-
Notifications
You must be signed in to change notification settings - Fork 1
Description
MARINE's behaviour when encountering reads without MD tags (e.g. a user never ran the equivalent of samtools calmd or there are unmapped reads in the bam) is not ideal.
If MARINE encounters a read that is missing an MD tag while iterating through a contig interval, then it throws a warning message and immediately skips every read left to be processed in that interval (e.g. if an interval has 10,000 reads but the 500th read has no MD tag, then the next 9,500 reads will be skipped). This warning message does not stop MARINE, and there is no indication to the user that any reads have been skipped.
To see an example of this behaviour, we can run marine on the following small example which includes unmapped reads:
/tscc/lustre/ddn/scratch/kflanagan/Tau_marine_run/one_circ_files/one_circ_unmapped.bam
using the commands:
module load marine
python /tscc/projects/ps-yeolab3/kflanagan/MARINE-1.0.9-alpha/marine.py --bam_filepath /tscc/lustre/ddn/scratch/kflanagan/Tau_marine_run/one_circ_files/one_circ_unmapped.bam --output_folder ./results --strandedness 0 --cores 16 --contigs "chr1:145631664|145706593" --bedgraphs "CT" --paired_end --num_intervals_per_contig 2 --keep_intermediate_files
This will throw a warning message (copied below), but will not prevent MARINE from completing its run.
It seems like there is an MD tag missing "tag 'MD' not present" Failed getting read info on LH00444:108:22C2FVLT4:1:2453:9303:25682 69 chr1:145631664|145706593 74931 0 * = 74931 0 GTGTTGGGACCAAAACTTCACATCAAATTGGATTCCCAGATAATTCACAGTGATCTCAATGCCTCTTGTGACAGGATCCGTTTTCCCAACTCGATCAAAAACAATATTGATGGTAGCCTTTTCTTTTTGCTTATGATCATATCCATGGTTT IIIIIIIIIIIIIIIIIIIIIIIIIIIIIIIIIIIIIIIIIIIIIIIIIIIIIIIIIIIIIIIIIIIIIIIIIIIIIIIIIIIIIIIIIIIIIIIIIIIIIIIIIIIIIIIIIIIIIIIIIIIIIIIIIIIIIIIIIIIIIIIIIIIIIII YT:Z:UP, local variable 'md_tag' referenced before assignment
When we check the .tsv files within ./results/edit_info to look at the individual edits found in each interval, we will find that the first interval has no edits whatsoever as one of the very first reads in this interval was unmapped.

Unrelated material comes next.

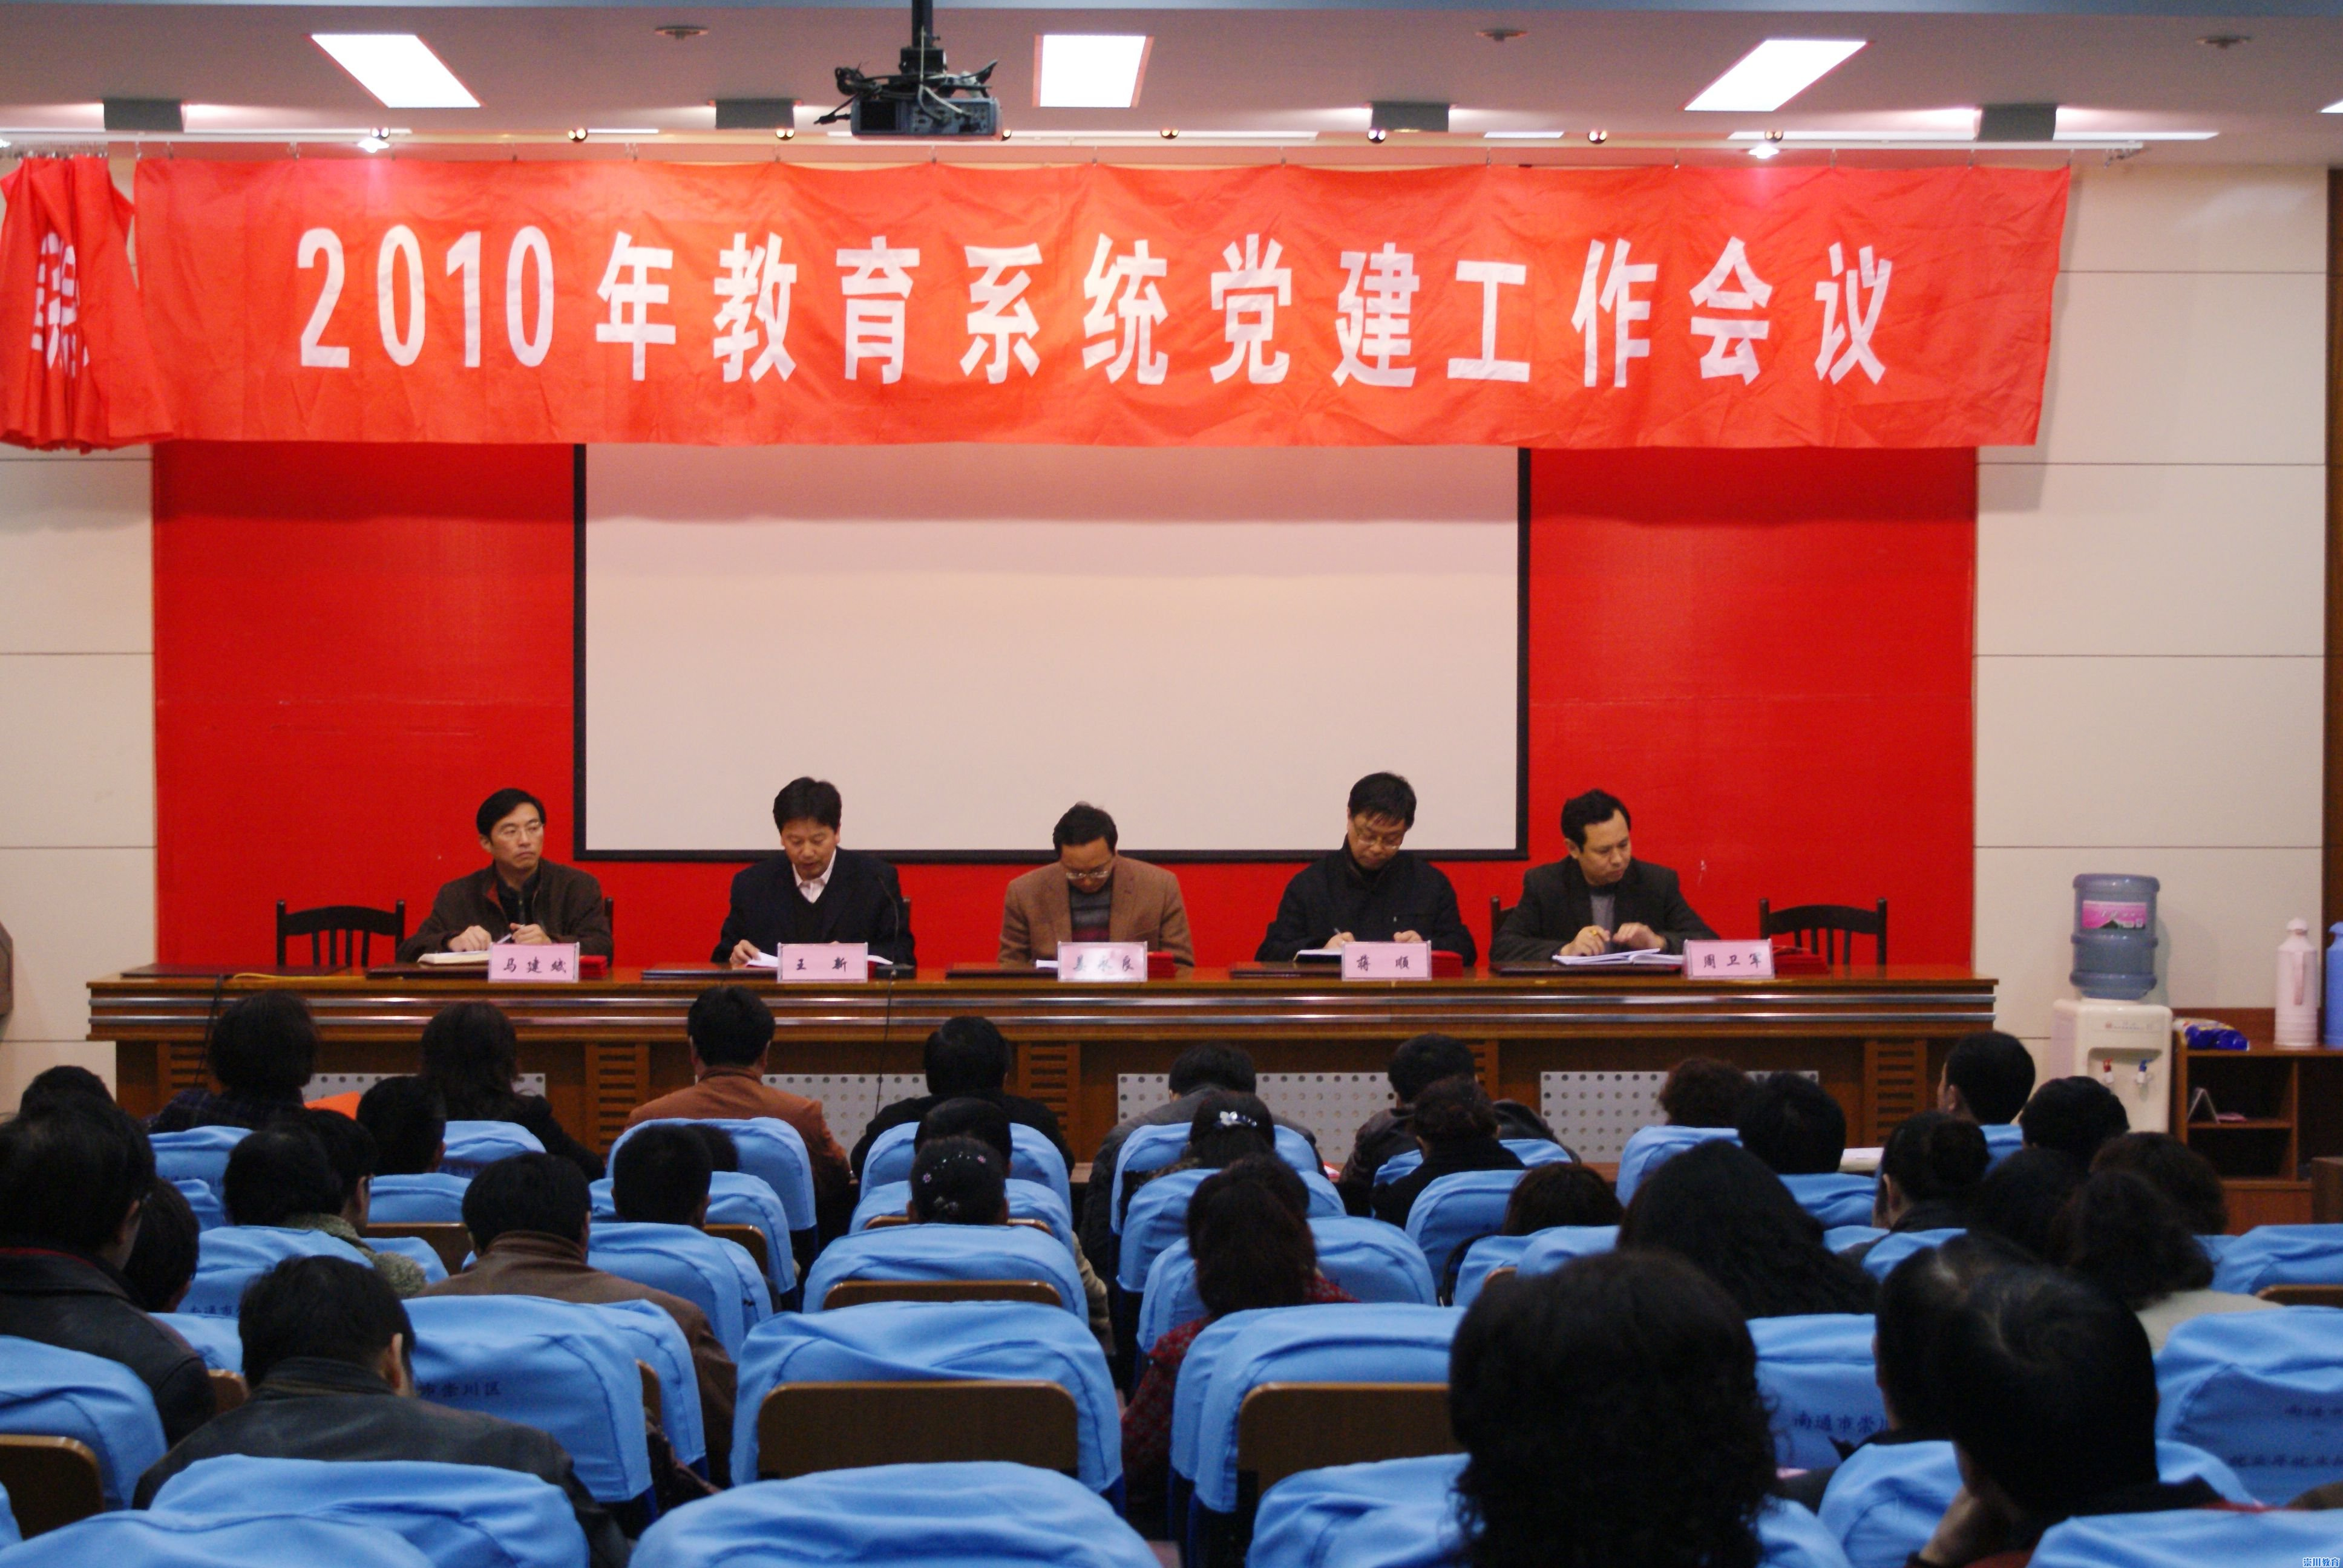 崇川区教育系统召开党建工作大会

Furthermore, the second interval has only 126 edits when in reality there are nearly 1000 edits in that interval.
I would recommend making it so that MARINE stops entirely when it encounters a read without an MD tag. This can be done quite easily by replacing the break in line 182 of src/core.py with a raise() of some kind. It may also be helpful to include suggestions for how to fix the problem in the error message, such as directing them to readme instruction on removing unmapped reads and adding the MD tag.
An alternative solution would be to replace the break in line 182 of src/core.py with a continue so that it ignores the read and keeps going, but given that this could potentially generate millions of warning messages, it would require time and care to implement.